I read Isabel Allende's book, House of the Spirits, many years ago and loved it (nope, never saw the movie). This past year, my wife read her latest book, Paula, and recommended it to me. I read it on a plane ride back from Sweden this year and was impressed. It is the story of her life and her family written for her daughter, who is in a coma. It is a nice book in itself, but it also helps make sense of her fiction books and of Chilean politics and culture.

I didn't expect to like Jerry Maguire, but I kept hearing good things about it, so I went. I reeealy liked it. I see a lot of movies and like many, but rarely do I reeeeally like them. Go see it.

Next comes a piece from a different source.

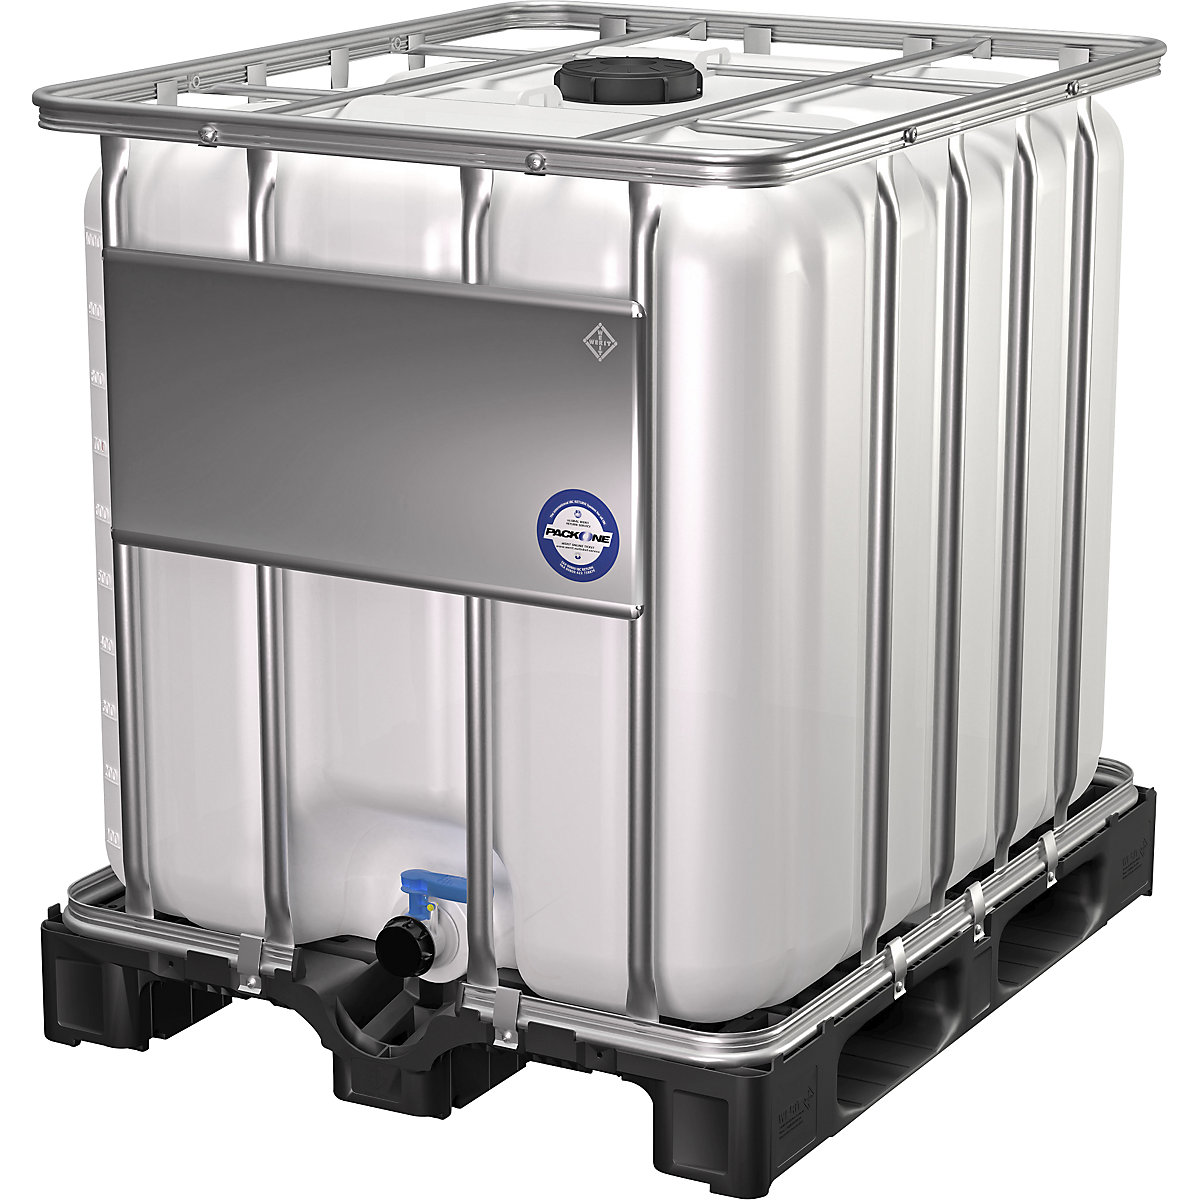 Container IBC, standard

I've been listening to a lot of music lately: Here are some of my favorite Cds at present:

Shawn Colvin, A Few Small Repairs - I saw her in concert in Tarrytown, NY and she said the album was full of downer music, but I find it her best for awhile, very strong singing and writing;

Aimee Mann, I'mWith Stupid - She sang the hit song, Voices Carry, years ago when she was with a group, but I like her better on her own. Start with cuts 9 through 11 and when you're hooked, go back and get into the whole thing and then get her other solo release.

As a fairly obsessive Beatles fan, if you are too, I urge you to buy The Rutles Archaeology. It's a take-off on The Beatles Anthology. I'm amazed that they could write good songs in the style of the Beatles and get the musical jokes just right. Hilarious and enjoyable in its own right.